Quanto muito, terá talvez sido algo ingénuo nalgumas das suas teses pedagógicas. Mas, a esse respeito, importa salientar que Agostinho as enunciou num determinado contexto (o de uma sociedade particularmente autoritária e conservadora); no contexto de hoje, as soluções pedagógicas terão que ser, provavelmente, diversas…
O mesmo já não acontece, a nosso ver, com o caminho que Agostinho apontou para Portugal: de cada vez maior assunção da nossa dimensão lusófona. Cada vez mais, na nossa perspectiva, Portugal só faz sentido no quadro do espaço lusófono – tendo tanto mais futuro quanto mais se assumir nesse espaço, no seio dessa crescente comunidade de falantes de língua portuguesa – actualmente, mais de 240 milhões…
Daí, em suma, a importância dada à língua e à cultura – como já igualmente escrevemos, a propósito da receptividade que tiveram as Comemorações do Centenário do Nascimento de Agostinho da Silva, que decorreram que em 2006: «…na nossa perspectiva, a adesão de tanta gente a estas Comemorações, não só em Portugal como por esse mundo fora, em particular no espaço lusófono, é uma reacção ao cada vez maior vazio cultural existente nos mais diversos planos, desde logo, no plano político. Cada vez mais, com efeito, a política parece reduzir-se a uma mera gestão económica, sem qualquer Horizonte. Não que essa gestão económica não seja importante. Simplesmente, não é isso o que faz de um conjunto de pessoas uma real comunidade. Para que isso aconteça, o elo não pode ser apenas económico – tem que ser, sobretudo, cultural. Só esse elo, esse Horizonte, pode dar um sentido maior à vida de todos nós – individual e colectivamente considerada. Ora, mais do que ninguém, foi esse Horizonte que Agostinho da Silva nos apontou.»[6].
Eis, a nosso ver, o seu maior legado.
P.S.: Escusado será dizer que, para nós, este projecto – o da NOVA ÁGUIA e do MIL: MOVIMENTO INTERNACIONAL LUSÓFONO –, não resulta senão da assunção, plena, desse “maior legado”.
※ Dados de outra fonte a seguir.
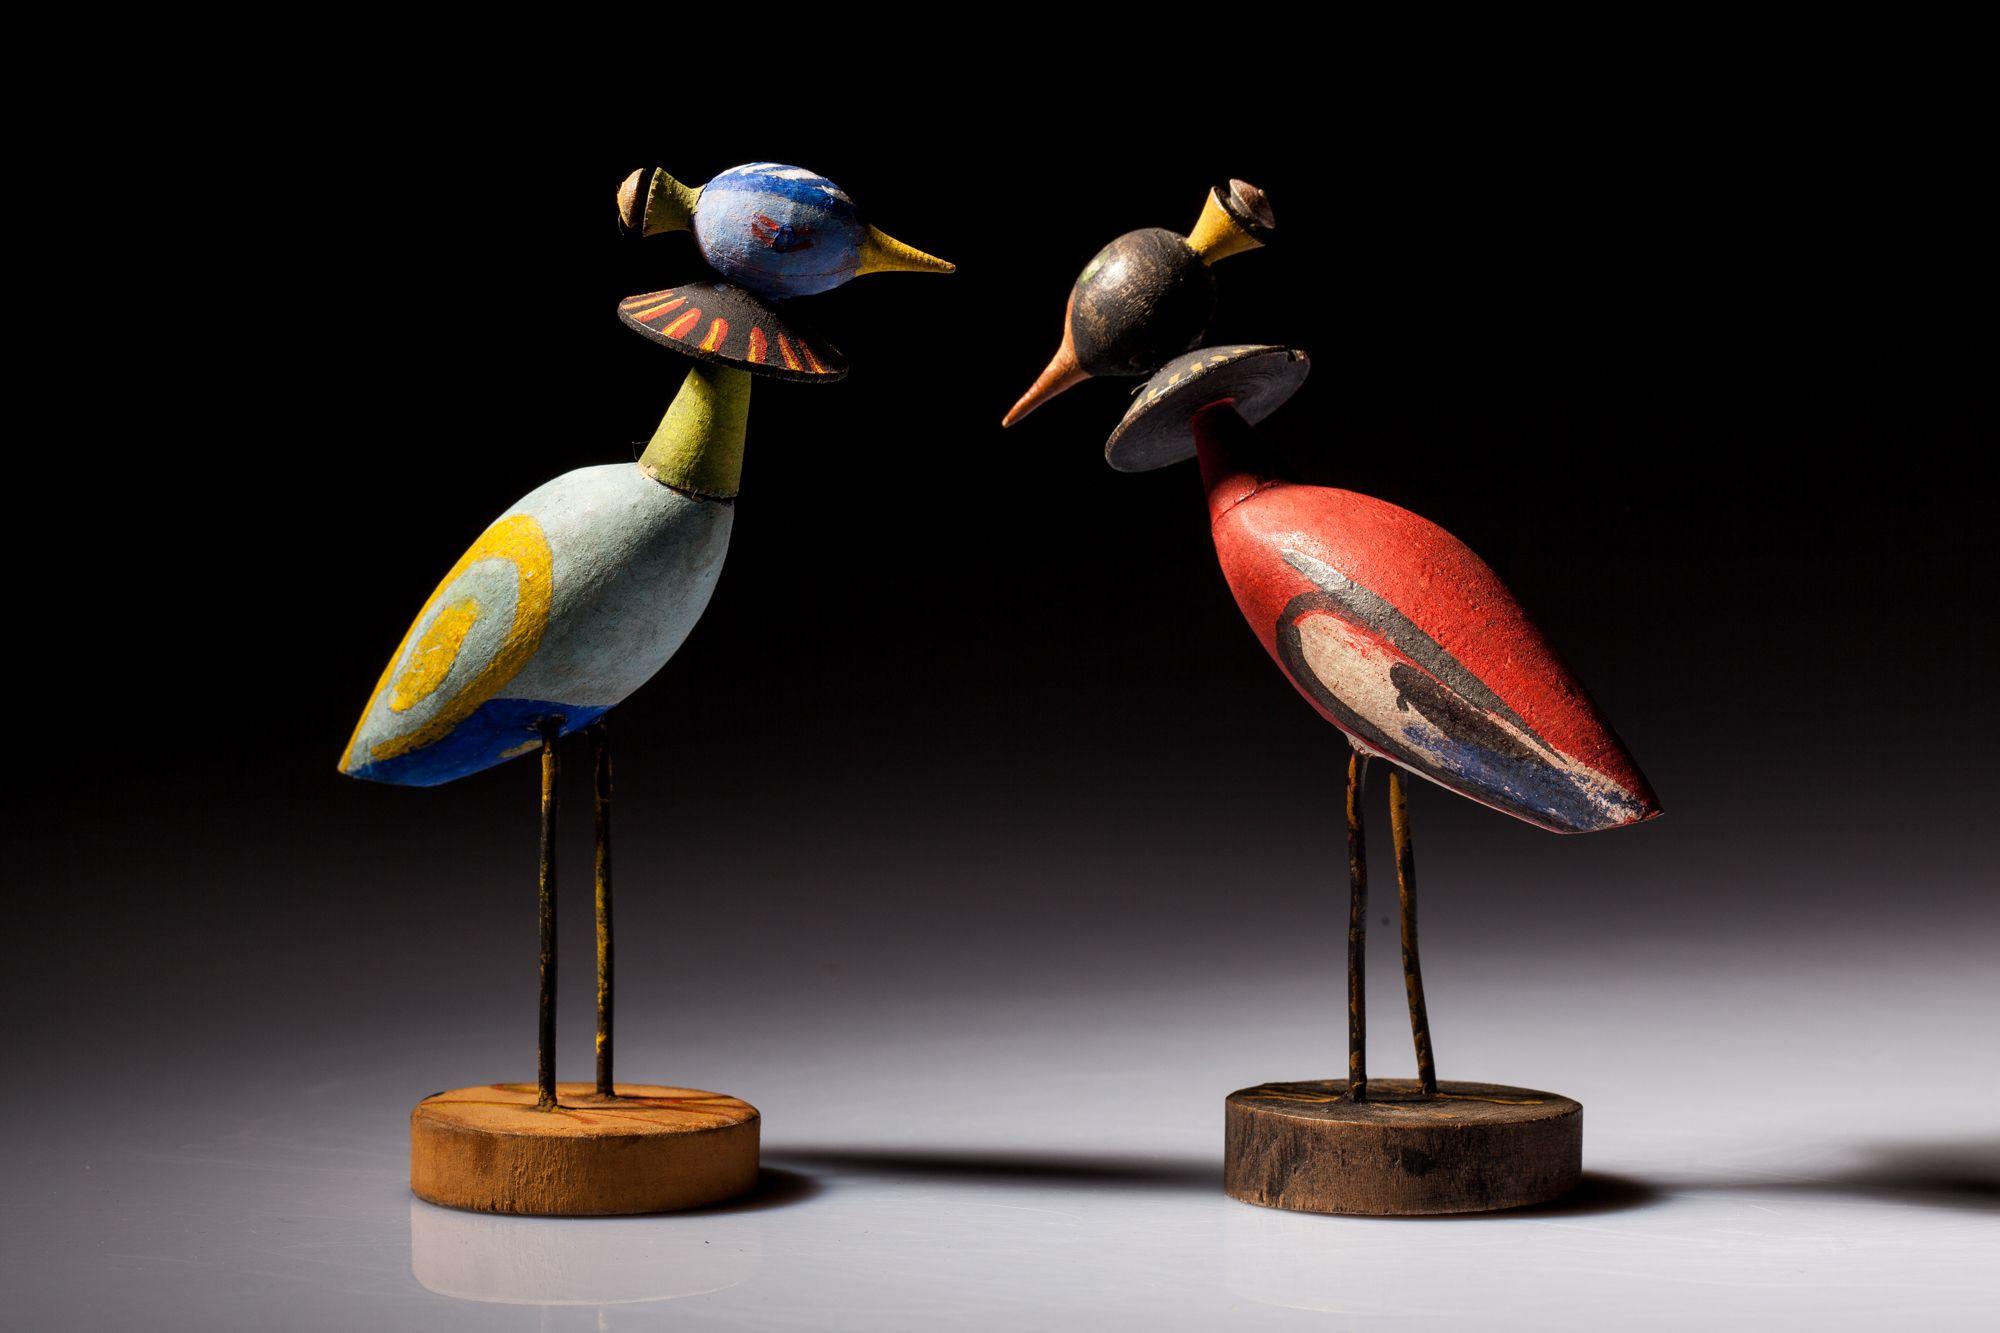 Zabawki-ptaki według projektu Zofii Stryjeńskiej dla Warszatów Krakowskich, źródło: Muzeum Etnograficzne w Krakowie

[1] In As três fases do pensamento de Agostinho da Silva, projecto de dissertação de pós-doutoramento (em curso).
[2] In “Introdução” a Agostinho da Silva, pensador do mundo a haver: Actas do Congresso Internacional do Centenário de Nascimento de Agostinho da Silva, Lisboa, Zéfiro, 2007, p. 11.
[3] Zéfiro, 2008.
[4] Entretanto reeditadas em DVD, numa parceria entre a Associação Agostinho da Silva, a Alfândega Filmes, a RTP e o jornal Público (2006).
[5] In “Reflexão à margem da história da literatura portuguesa”, Ensaios sobre Cultura e Literatura Portuguesa e Brasileira, Lisboa, Âncora, 2000, vol. I, p. 84. Daí ainda, nesta esteira, estas suas palavras: “…donde a fome se tiver ausentado, o tédio virá com o seu desespero não menos terrível. E à pergunta hoje quotidiana para milhões e milhões de ‘como viver?’ se substituirá a pergunta de ‘para que viver?’. A qual, mesmo pelo pouco que hoje podemos observar, não é menos terrível na sua mortalidade.” [ibid., p. 85].
[6] In “Introdução” a Perspectivas sobre Agostinho da Silva na imprensa portuguesa, ed. cit., p. 16. Havíamos já desenvolvido esta perspectiva na obra Visões de Agostinho da Silva (Zéfiro, 2006).